PROVIDED MATERIAL Block Start
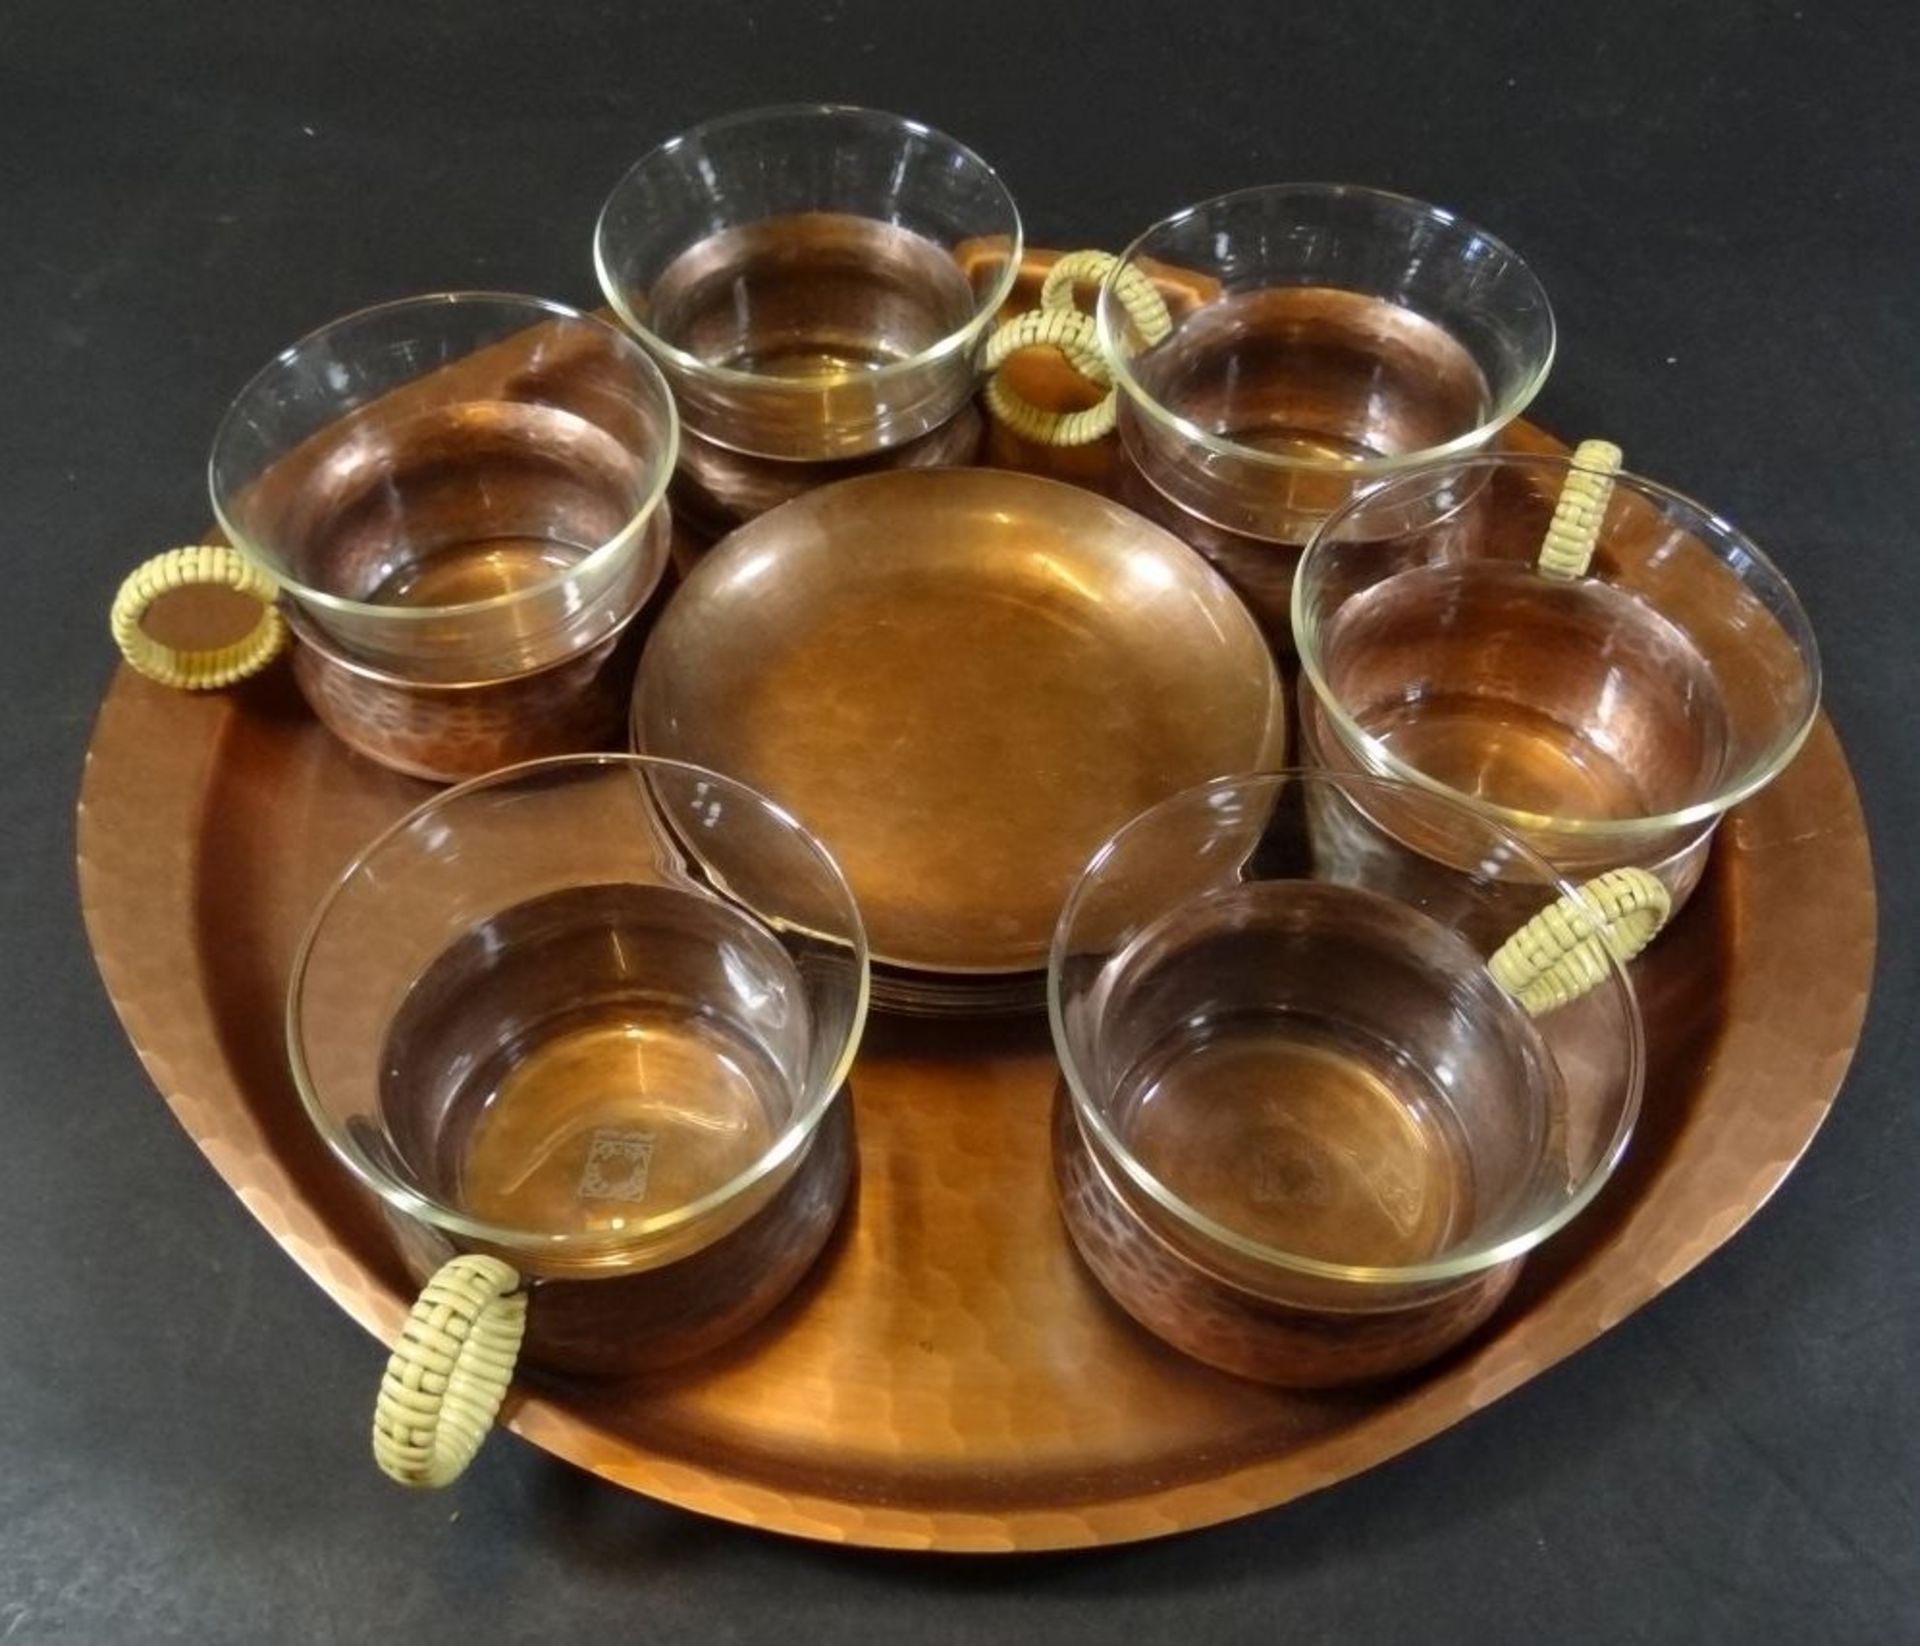 rundes Kupfer-Tablett mit 6 Teeglashalter und Teegläser "Zint" Handarbeit, Gläser Jenaer Glas, D-33
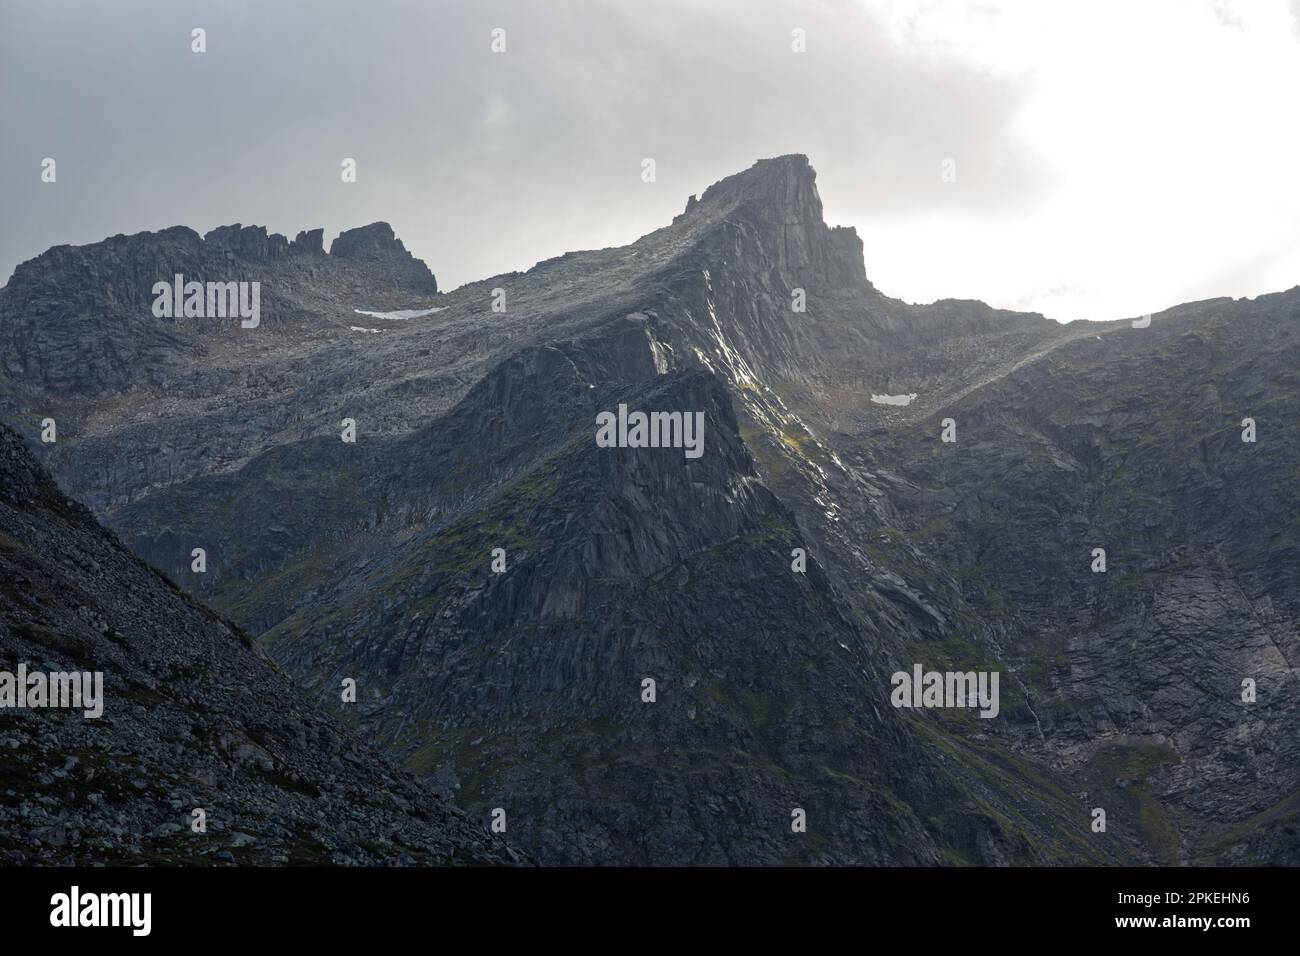 The rocky peaks of Kvaløya Island after rain Stock Photo
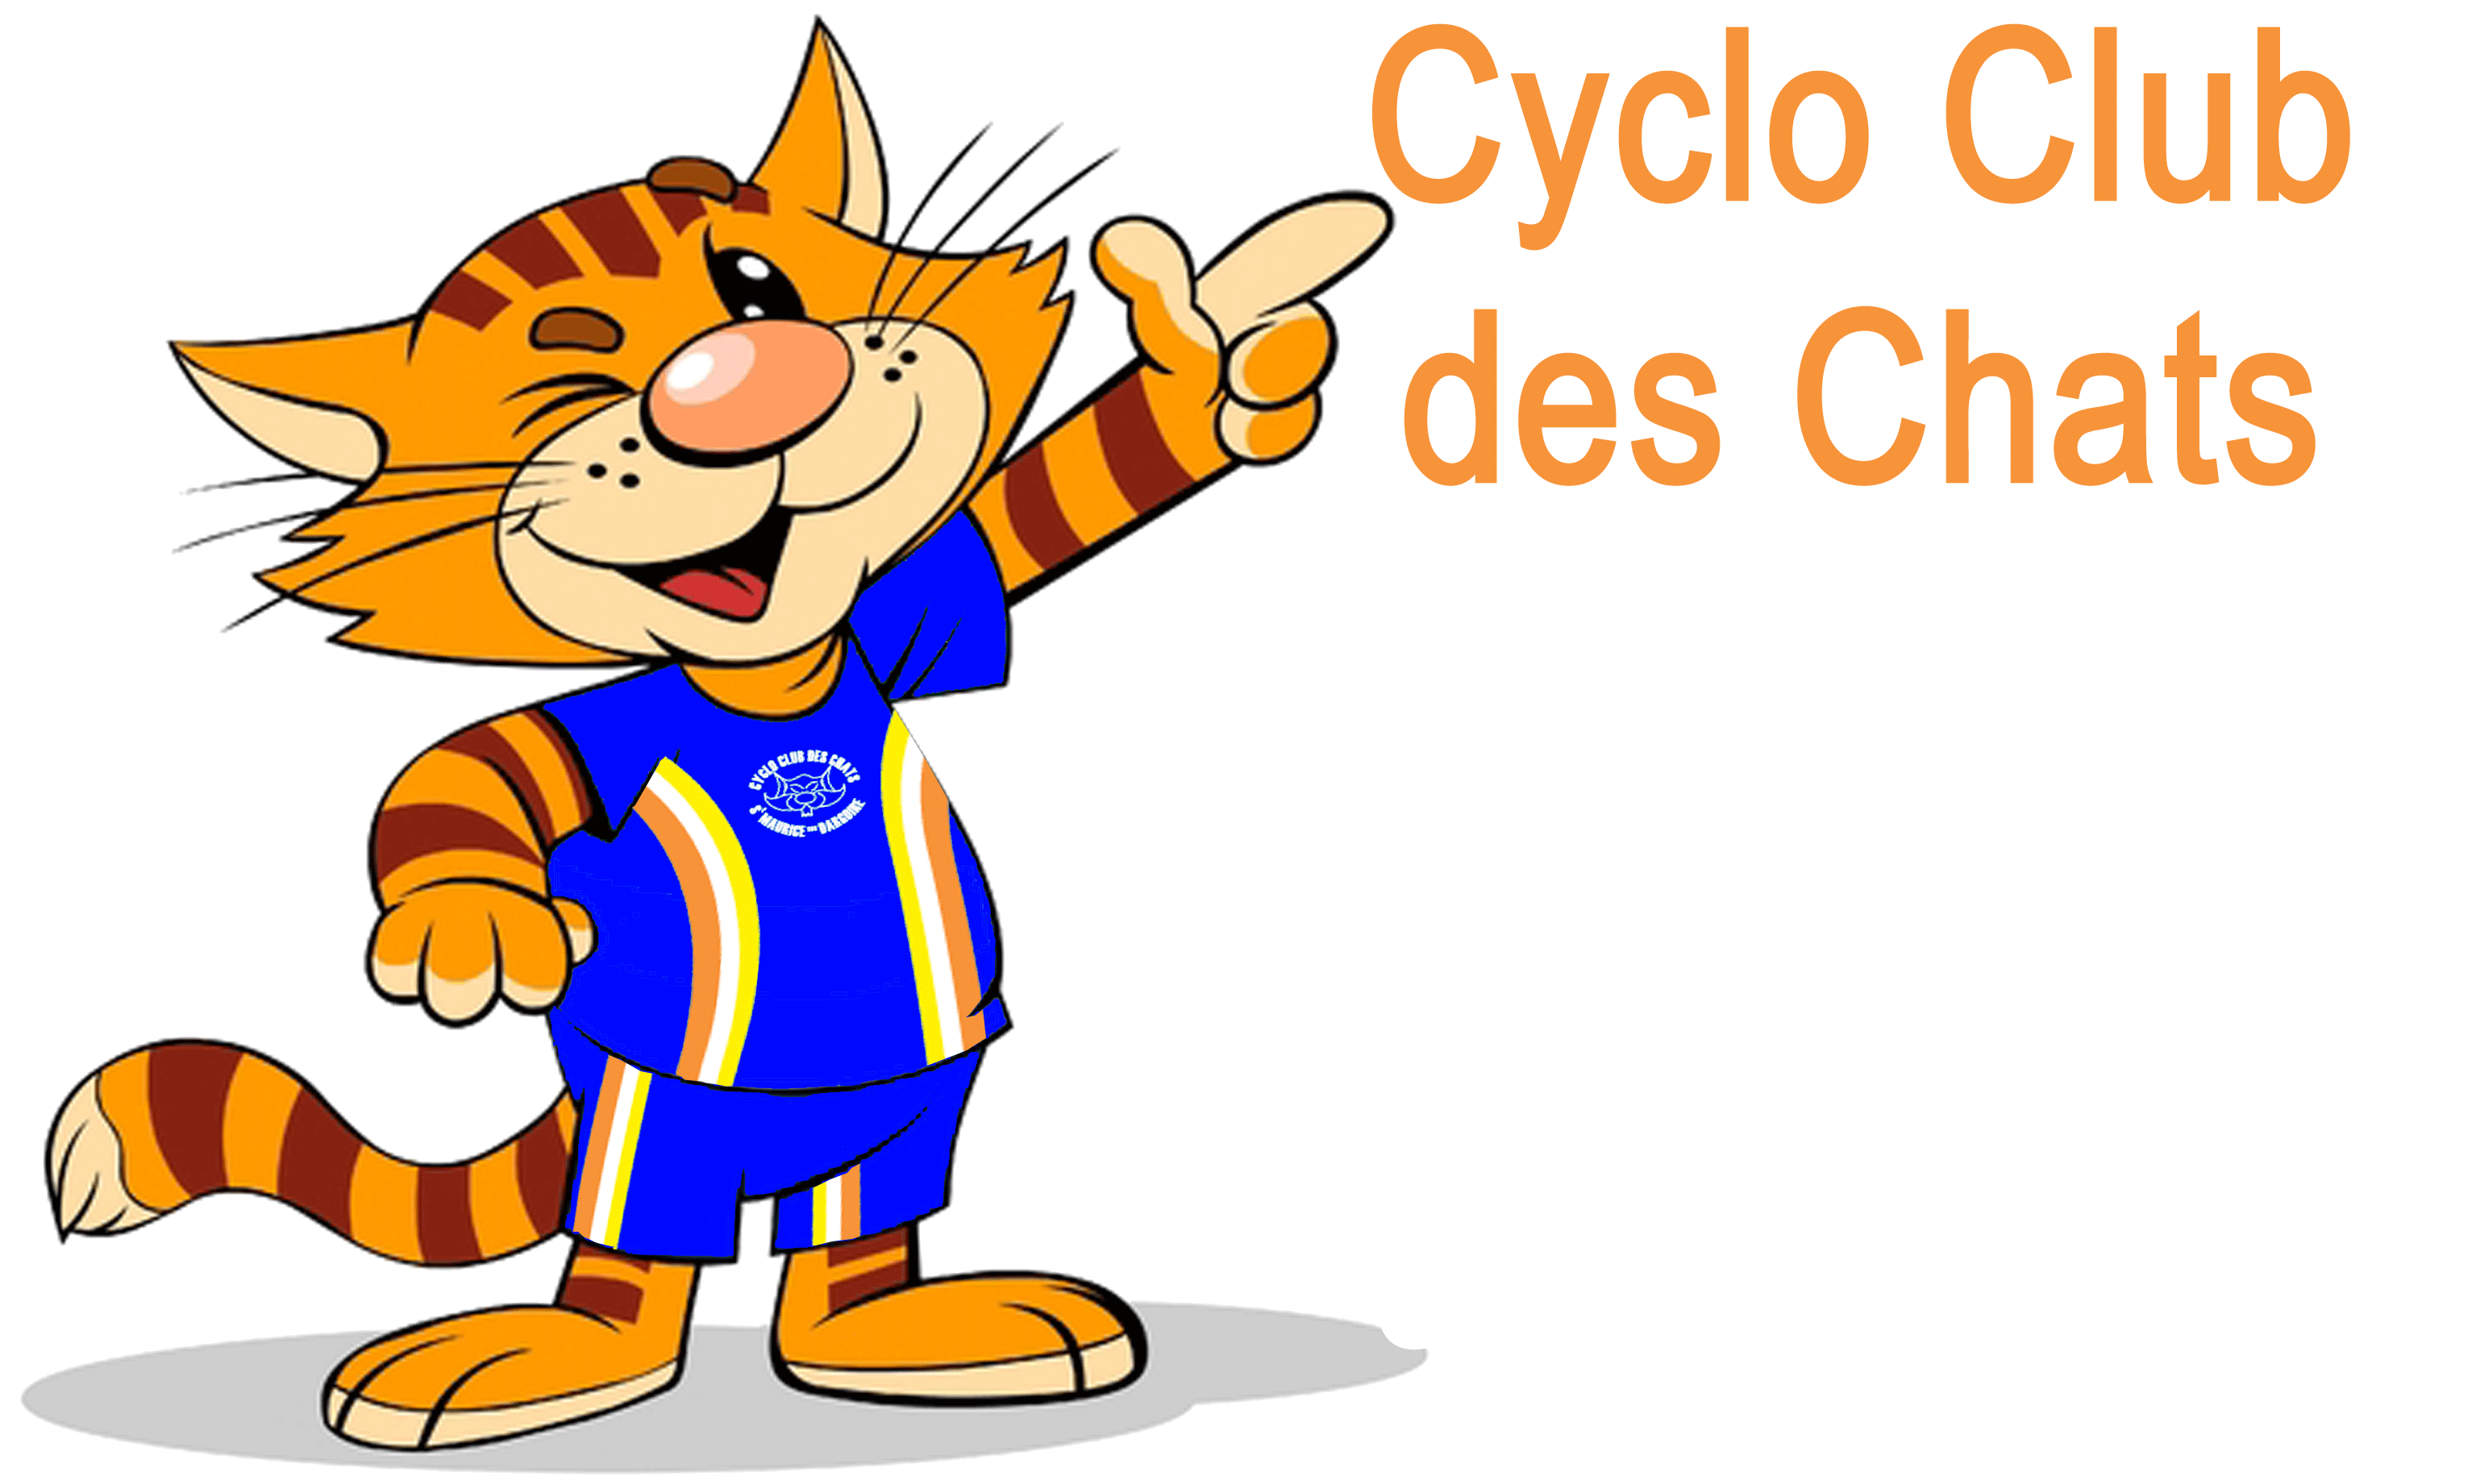 Cyclo Club des Chats
PROVIDED MATERIAL Block End
#### REQUIREMENT:
Give the listing again word for word. Skip every image.

#### ANSWER:
 rundes Kupfer-Tablett mit 6 Teeglashalter und Teegläser "Zint" Handarbeit, Gläser Jenaer Glas, D-33
 The rocky peaks of Kvaløya Island after rain Stock Photo
 Cyclo Club des Chats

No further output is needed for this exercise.